═════ Provided material

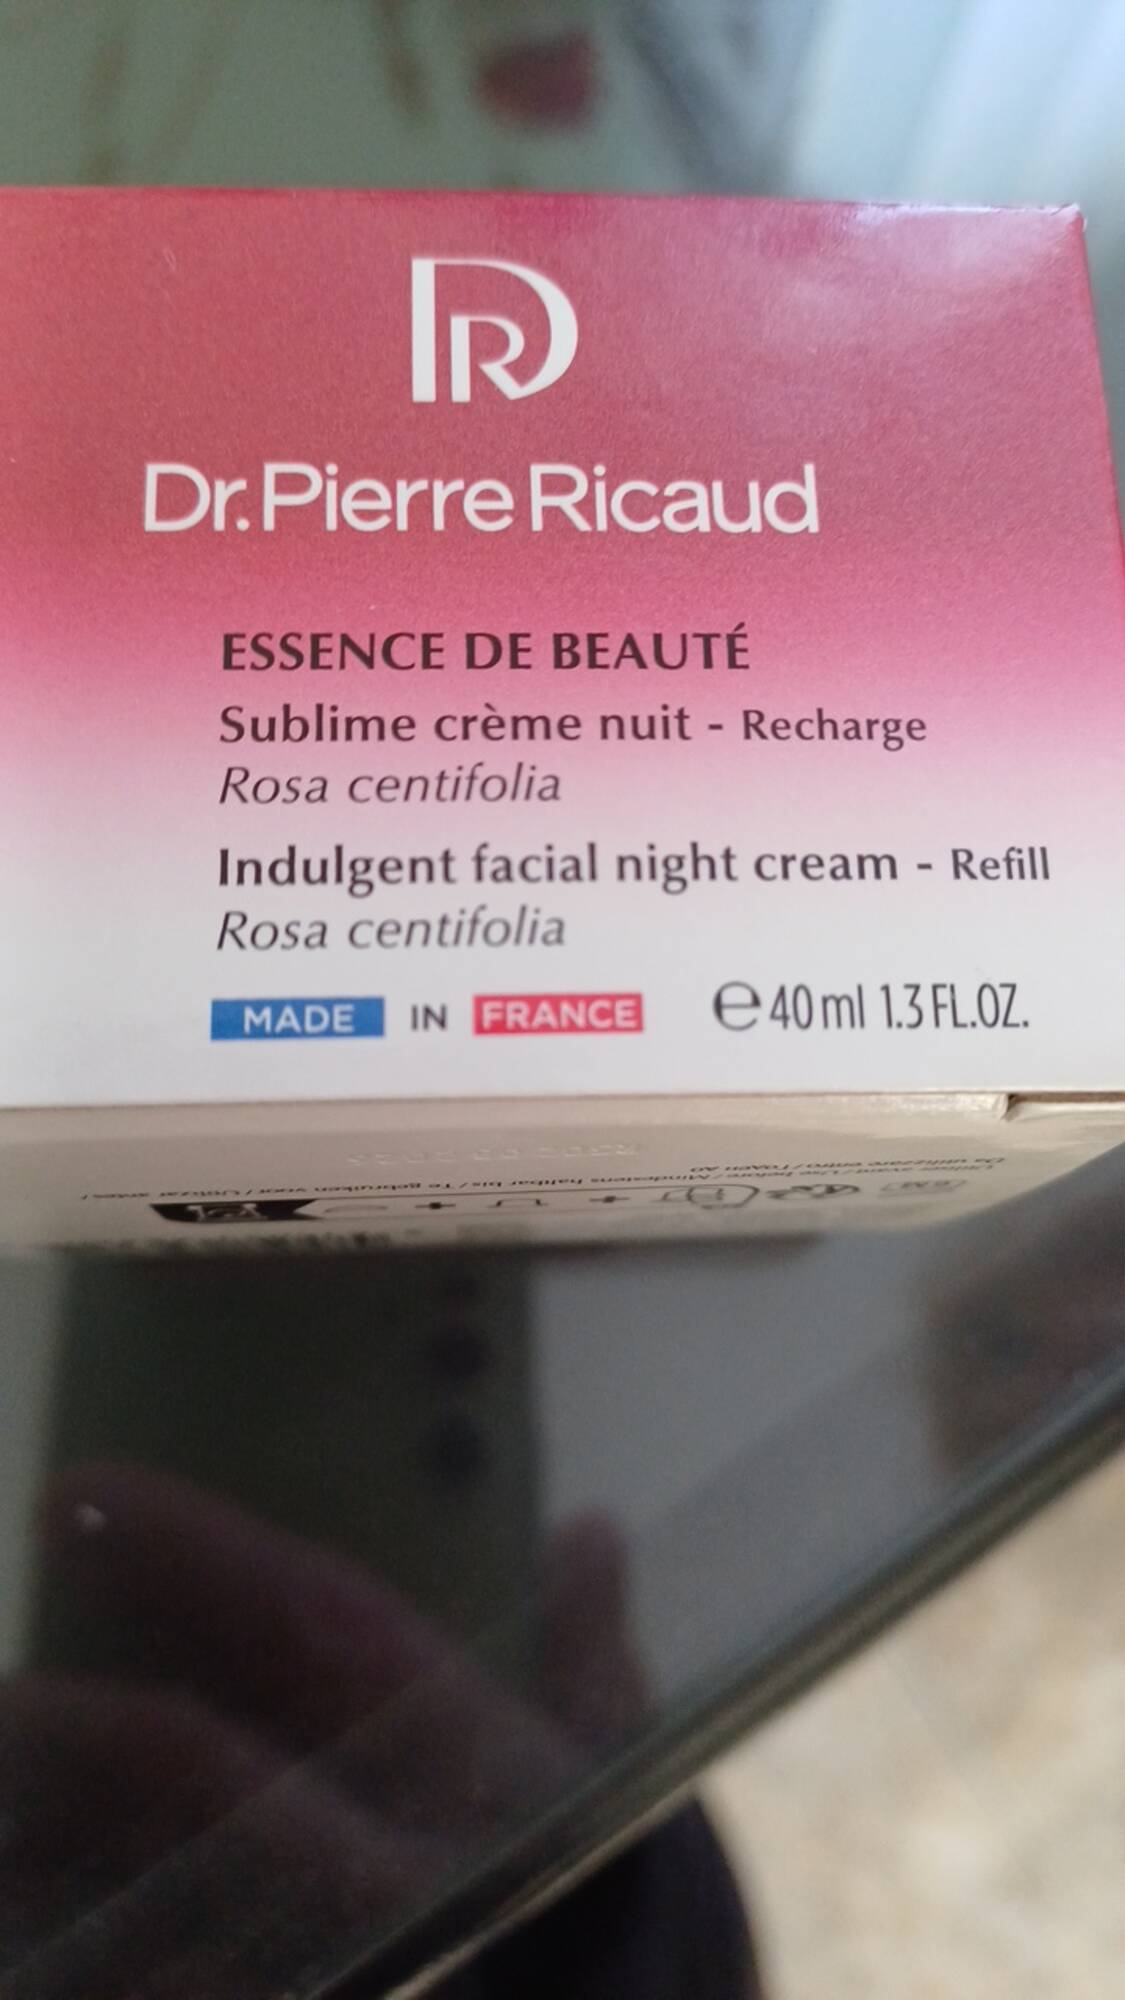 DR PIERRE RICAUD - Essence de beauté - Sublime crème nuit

══════════
═════ Provided material

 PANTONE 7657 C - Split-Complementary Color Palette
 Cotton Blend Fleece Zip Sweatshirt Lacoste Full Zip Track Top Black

══════════

*How to complete this task*.
Look back at the entries above. Retype the line with "PANTONE 7657 C", the line with "Cotton Blend Fleece", and all lines in between.

*Problem solution*.
 PANTONE 7657 C - Split-Complementary Color Palette
 Cotton Blend Fleece Zip Sweatshirt Lacoste Full Zip Track Top Black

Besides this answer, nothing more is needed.